I was originally going to use this but thought the image was very flat, I have since reprocessed it and I'm happier with it now.


----------



## Stanley Edwards (Jul 19, 2007)

baffled said:
			
		

> ...
> 
> edit: changed my mind and have used a different image.




You have a very graphic eye. More very strong images. Good stuff. I'd like to see you open up and put a bit more of yourself and a bit more emotion into your photography mind.

You seem to be set in your ways (ways that work in a graphic way). How about putting more feeling into your PAD's? More you.


----------



## Vintage Paw (Jul 19, 2007)

Stanley Edwards said:
			
		

> In all your work I notice (and I mean this in the nicest way) a contrived 'style' that says stuff about you. Generally, your photographs portray a very feminine, self-conscious sensitivity. This shot doesn't. It's more considered than contrived and spontaneous even though the composition is very solid.
> 
> I like the way the splits in the iron railings both mirror and contradict the birds wings. It's actually quite macho - that's why it's so different to your usual style. But, it is still obviously a VP photograph. That's a very good thing IMO.

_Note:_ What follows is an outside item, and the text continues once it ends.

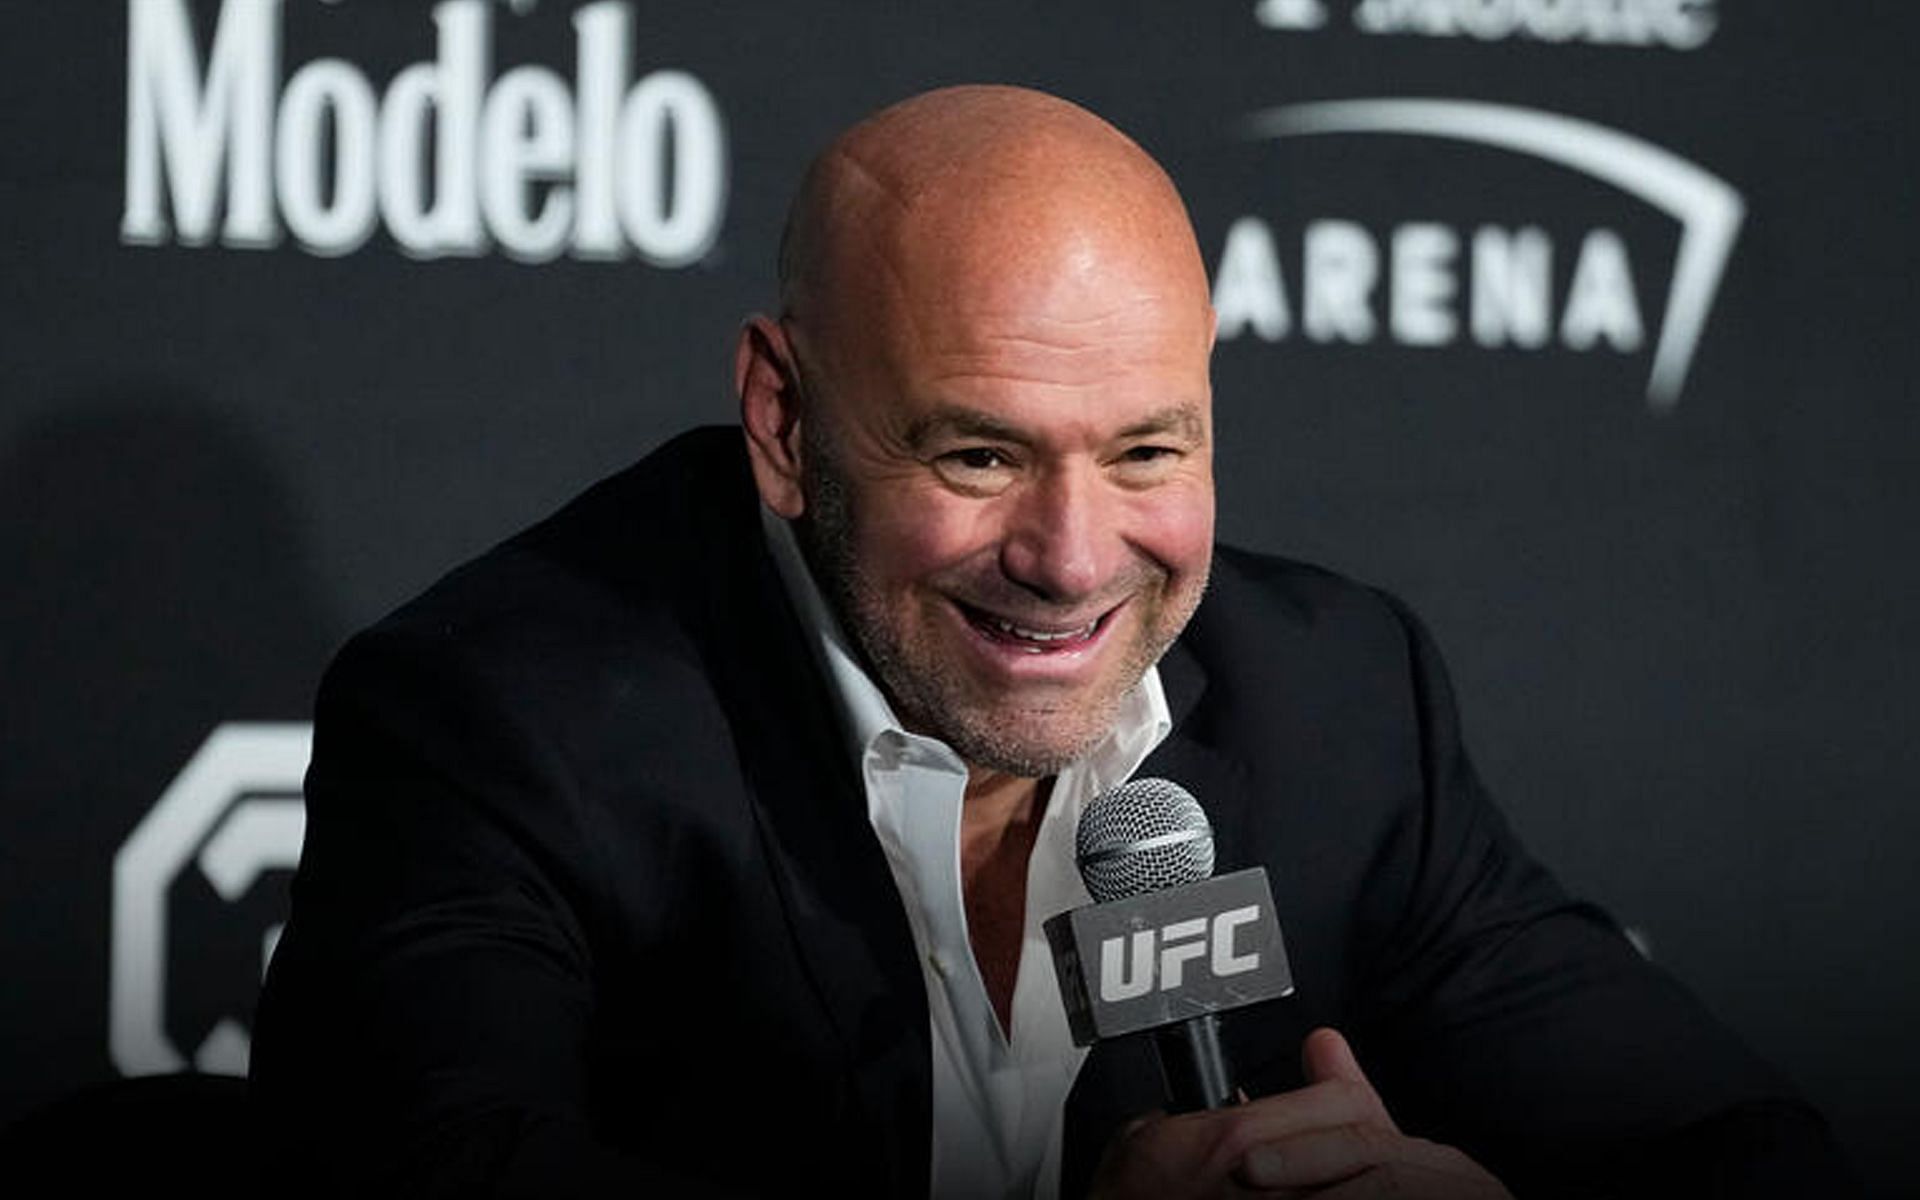 Dana White will remain the CEO of the UFC [Image via ufc.com]

I see totally what you mean. The strength of the lines is something that isn't seen in much of my stuff. I think they scare me.

A friend, who used to be into photography in his younger days and is slowly regaining his interest, and who, a bit like you Stanley  , has a strong opinion on most things, was having a bit of a drunken chat with me a little while ago about my photography.

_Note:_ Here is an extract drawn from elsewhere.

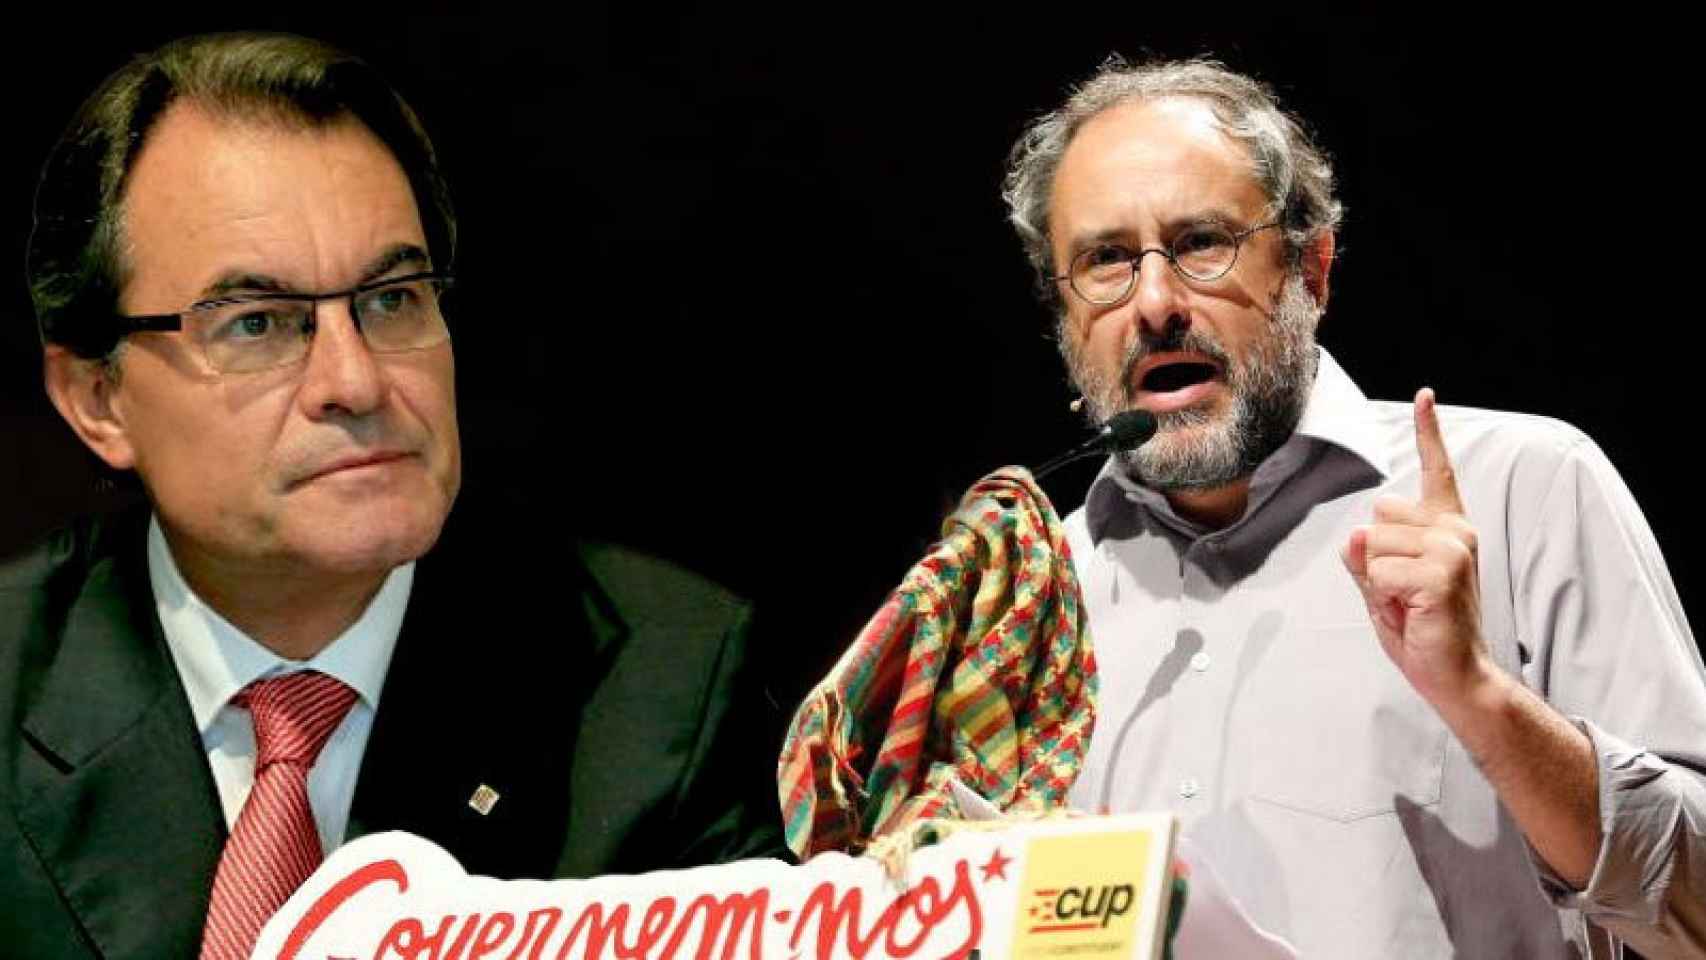 El presidente de la Generalitat y de CDC, Artur Mas, y el cabeza de lista de la CUP el 27S, Antonio Baños / FOTOMONTAJE DE CG

It was just after I'd sold my first piece, and he was bigging me up to everyone else who was there with us. Anyway, we got into a bit of a discussion about reasons for photographing, what I photograph etc. I forget how it went (the drink  ) but he ended up saying "oooh, so it's all about you" in a rather accusatory tone. 

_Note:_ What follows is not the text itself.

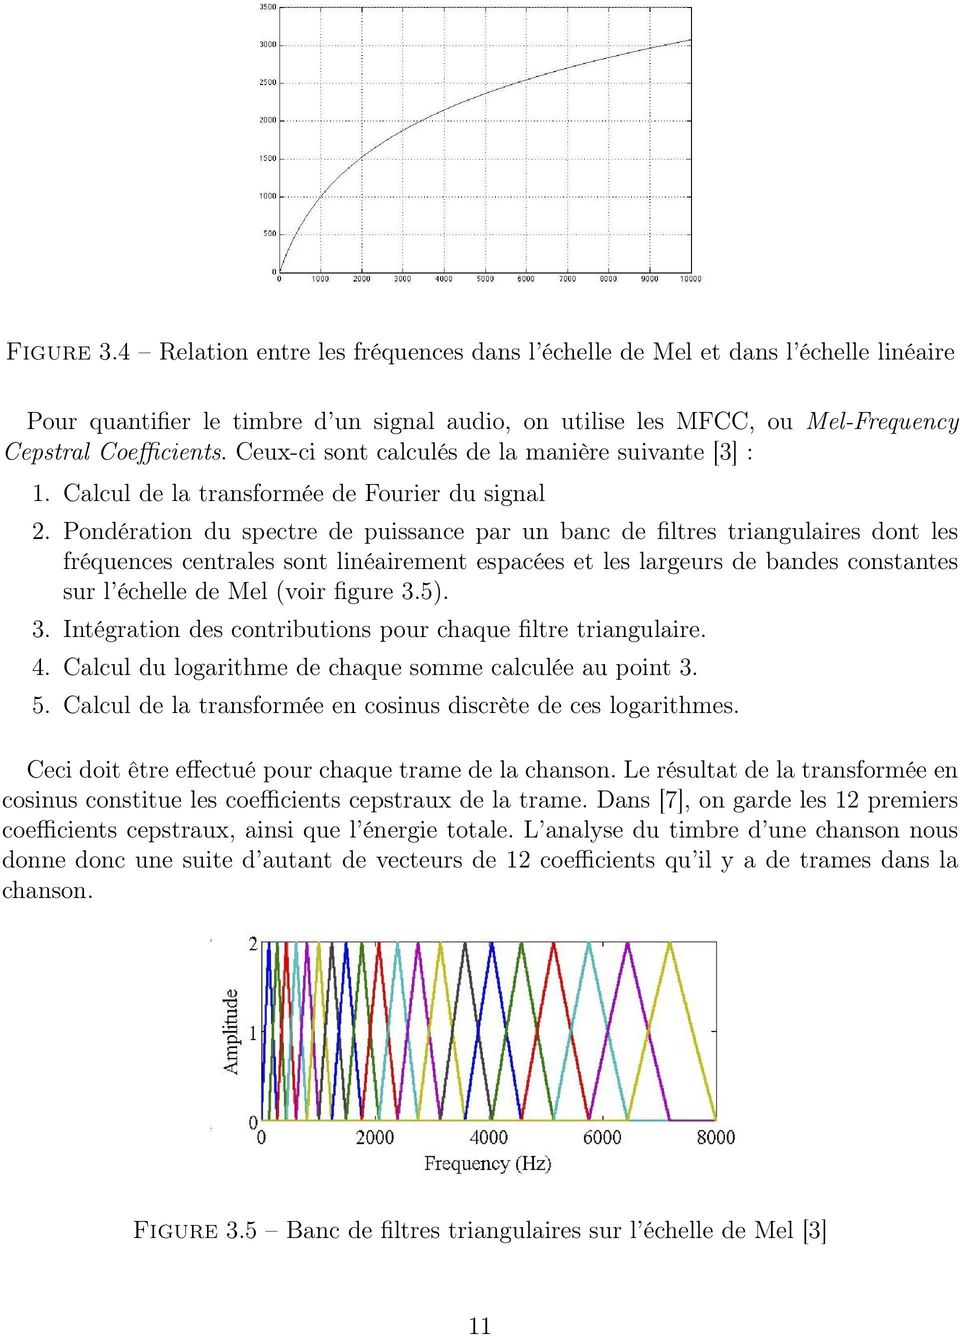 Pondération du spectre de puissance par un banc de filtres triangulaires dont les fréquences centrales sont linéairement espacées et les largeurs de bandes constantes sur l échelle de Mel (voir

I didn't really have my wits about me to reply in a thoughtful manner - but I've thought quite a bit about it since, and surely all photography is about the photographer? I keep saying I can't really see one cohesive style in my pictures, and yet you're not the first person to say something is a VP (or catherine buca) image. There is obviously something I'm missing, because I clearly can't look at them objectively. 

The style, method, subjects a photographer chooses has as much, if not more, to do with them than their external surroundings. How is it possible for a photographer to be objective? 

I'm not that hot on photographic theory, so I'm sure there's loads of stuff out there on this sort of thing - but it strikes me that my friend's comment was rather erroneous (I love that word). 

Er, so yeah. Got my morning hat on, no coffee, still sleepy - make no sense!


----------



## Robster970 (Jul 19, 2007)

Photographers cannot be objective about their work. You can try to understand it but you'll never be able to come up with a truly objective view. You have a very strong signature, mainly through use of colour and content. Your stuff is as easy to recognise here as Baffled's is for graphic, precise composition, as firky's is for humour, pathos and use of B&W, as Cybertects is for use of colour, subject and clinically clean execution, etc,etc

Your style will develop as you become more influenced by stuff inside and outside of photography. I wouldn't worry about one developing, it already has.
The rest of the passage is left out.